No, that's your assumption. The basic theory does not assume lower or upper boundaries for the ability of species to change.
Your right.
It doesn't really assume them, it just turns a blind eye to it, and refuses to recognize them.
There is no "Law of Gravity". There is "Newton's Law of Gravity" and Einstein's General Relativity which both put forward explanations of the observed effects of gravity (which are not universally observable... they're only observable to us because we live inside a gravity well... vacuum dwellers might have a different view...), but there is no "Law" as you state. Just the observation that bodies tend to attract each other through unknown means.
*Strangely, despite being superseded by General Relativity, Newton's Theory is still "Law..."
To paraphrase one of your statements, you do realize the law of gravity was around before You or Newton.
Just as we see an abundance of genetically similar but distinct species and we see incomplete speciation and even the process of speciation (flies, weeds, bacteria, etcetera ad infinitum) but cannot directly observe the means by which this comes to pass. Thus, our understanding of Gravity is the same as our understanding of Evolution. In fact, it's a whole level less well defined than Evolution, because you can actually observe speciation at the genetic level if you have the right equipment. You can't observe "gravitons."
Neither can you observe Evolution on the scale claimed.
I can observe the repeatable result of gravity readily at any time.
Likewise, I can observe the repeatable result of like-kind reproduction at any time.
Thats because they are fixed laws.
The possibility of Evolution exsists only in the abstract, untestable, unobservable, unsubstantiatable, time frame.
Evolution does not claim that species "jump." All it claims is that they change over time, which they do. Only once such changes become incontrovertible and the species can no longer mate with other sub-species or the base species does they become new ones. No "jumps" required. Just thousands upon thousands of generations of change.
Quite convienent, wouldn't you say?
Just plug in an irrefutable unpredictable time expanse.
Too bad its unsubstantiatable as well.
Evolution makes no claims as to the endpoint of adaptation. Just the process..
Round and round she goes, where she stops, nobody knows.
Perhaps you could take a stab at what it claims from the common ancestor up to the present?
[Horses don't always produce horses. Haven't we been through this already last year? Horses have partially speciated, which is why we have Donkeys, Mules and Zebramules and other imperfect offspring of the miscegenetization between horses. .
Well this should hold great promise for intermediate species.
All of these have been around for quite sometime.
How many new species have developed, particularly from the mule side?
[Mules are an exception, in your book.
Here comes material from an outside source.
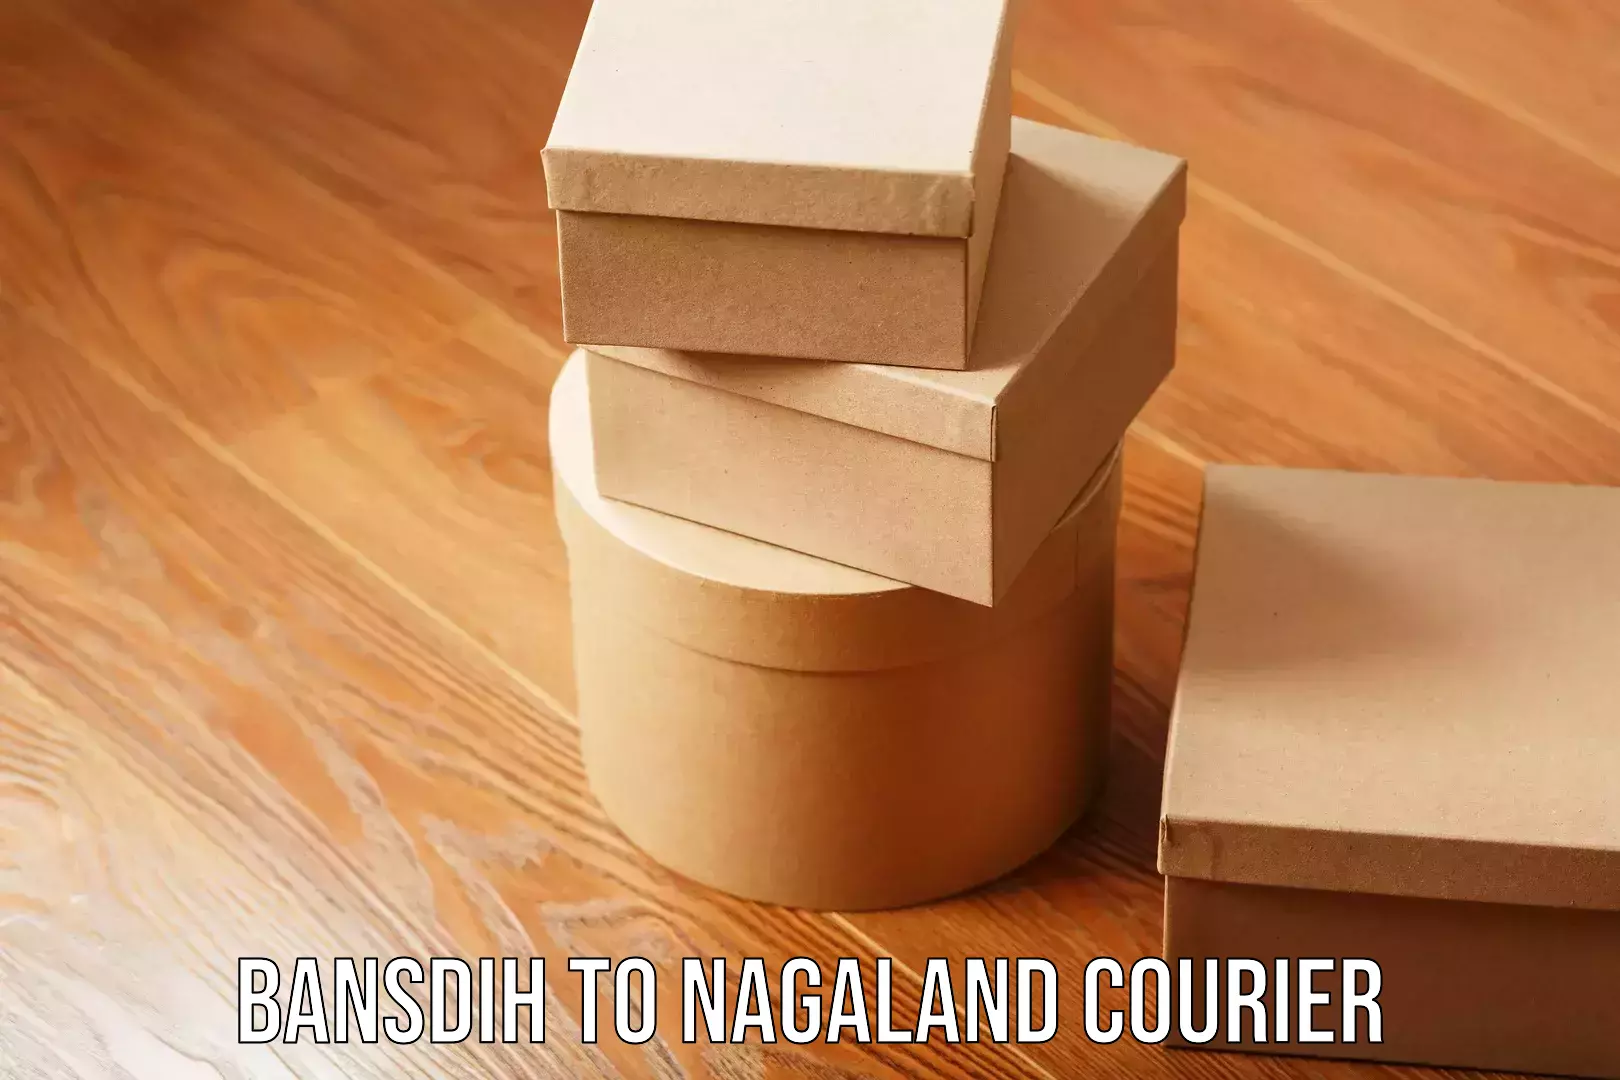 Express delivery capabilities Bansdih to Nagaland

But an exception to what? In science, exceptions don't prove the rule. They kill it. Any hypothesis which doesn't allow for mules is automatically bunk.
Its an exception in that you can breed two somewhat different species and get an offspring.
But then it is totally nullified by sterilization.
So much for that new species.
Thats just what it does to Evolution. Kills it.
Yet there are no exceptions to Evolution. Species which do not appear to physically change over time do not disprove Evolution, as it does not require that species exhibit morphological change if they survive just fine.
I think we're back to the claims again.
Flies? Flies are the easiest of all creatures to speciate. Scientists do it in the laboratory over lunch, for fun.
Yes and they still get flies.
Big surprise.
Note: You can't just handwave this away: "But they're still horses and flies." All equines are horses and all flies are... flies only in the same manner that all primates are chimpanzees. It's a semantic falsehood.
No, its an observable, repeatable, constant.
And you claim to know so much about Science.